2. filter_partitions

BEFORE:
static void
filter_partitions(List *table_infos)
{
ListCell   *lc;

foreach(lc, table_infos)
{
bool skip = false;
List    *ancestors = NIL;
ListCell    *lc2;
published_rel    *table_info = (published_rel *) lfirst(lc);

if (get_rel_relispartition(table_info->relid))
ancestors = get_partition_ancestors(table_info->relid);

foreach(lc2, ancestors)
{
Oid ancestor = lfirst_oid(lc2);

/* Is ancestor exists in the published table list? */
if (is_ancestor_member_tableinfos(ancestor, table_infos))
{
skip = true;
break;
}
}

if (skip)
table_infos = foreach_delete_current(table_infos, lc);
}
}

~

2a.
My previous review [1] (see #1) suggested putting most code within the
condition.
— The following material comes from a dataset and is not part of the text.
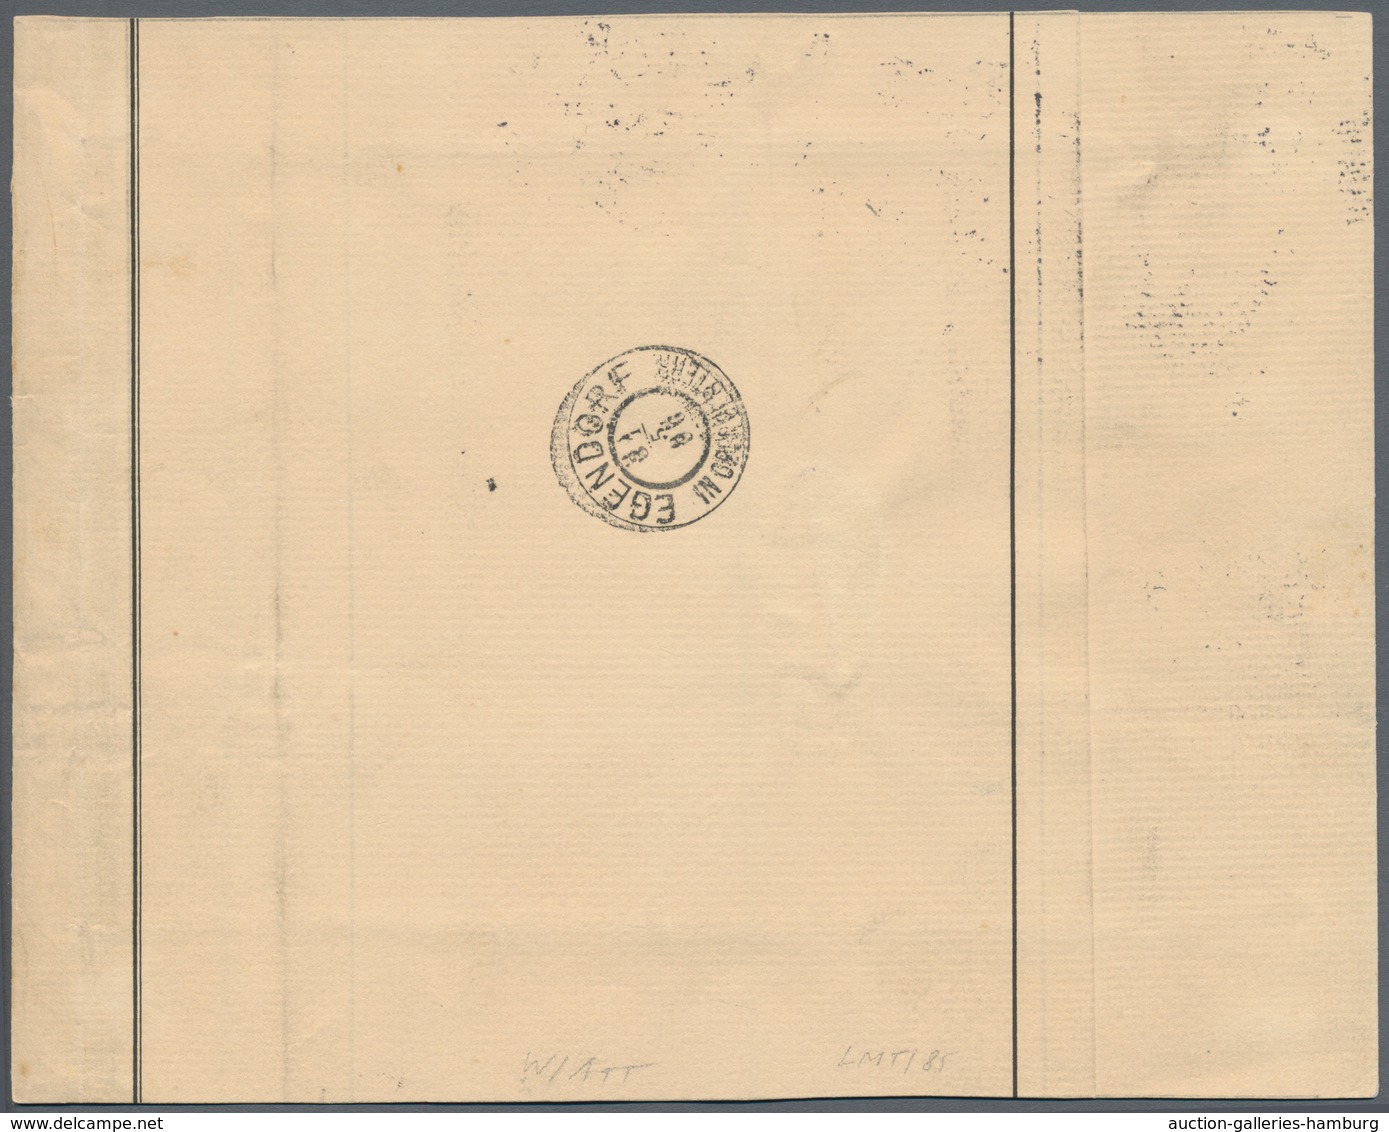 Österreich: 1867, (1 Kr) Merkurkopf Zeitungsmarke, Partie mit 4 verschiedenen Einzelfrankaturen auf

AFAICT my comment still is applicable but was not yet
addressed.

2b.
IMO the comment "/* Is ancestor exists in the published table list?
*/" is unnecessary because it is already clear what is the purpose of
the function named "is_ancestor_member_tableinfos".


SUGGESTION
static void
filter_partitions(List *table_infos)
{
    ListCell   *lc;

    foreach(lc, table_infos)
    {
        if (get_rel_relispartition(table_info->relid))
        {
            bool skip = false;
            ListCell    *lc2;
            published_rel    *table_info = (published_rel *) lfirst(lc);
            List *ancestors = get_partition_ancestors(table_info->relid);

            foreach(lc2, ancestors)
            {
                Oid ancestor = lfirst_oid(lc2);

                if (is_ancestor_member_tableinfos(ancestor, table_infos))
                {
                    skip = true;
                    break;
                }
            }

            if (skip)
                table_infos = foreach_delete_current(table_infos, lc);
        }
    }
}

======
src/backend/commands/subscriptioncmds.c

3.
 fetch_table_list(WalReceiverConn *wrconn, List *publications)
 {
  WalRcvExecResult *res;
- StringInfoData cmd;
+ StringInfoData cmd,
+ pub_names;
  TupleTableSlot *slot;
  Oid tableRow[3] = {TEXTOID, TEXTOID, NAMEARRAYOID};
  List    *tablelist = NIL;
- bool check_columnlist = (walrcv_server_version(wrconn) >= 150000);
+ int server_version = walrcv_server_version(wrconn);
+ bool check_columnlist = (server_version >= 150000);
+
+ initStringInfo(&pub_names);
+ get_publications_str(publications, &pub_names, true);

  initStringInfo(&cmd);
- appendStringInfoString(&cmd, "SELECT DISTINCT t.schemaname, t.tablename \n");

- /* Get column lists for each relation if the publisher supports it */
- if (check_columnlist)
- appendStringInfoString(&cmd, ", t.attnames\n");
+ /* Get the list of tables from the publisher. */
+ if (server_version >= 160000)
+ {

~

I think the 'pub_names' is only needed within that ">= 160000" condition.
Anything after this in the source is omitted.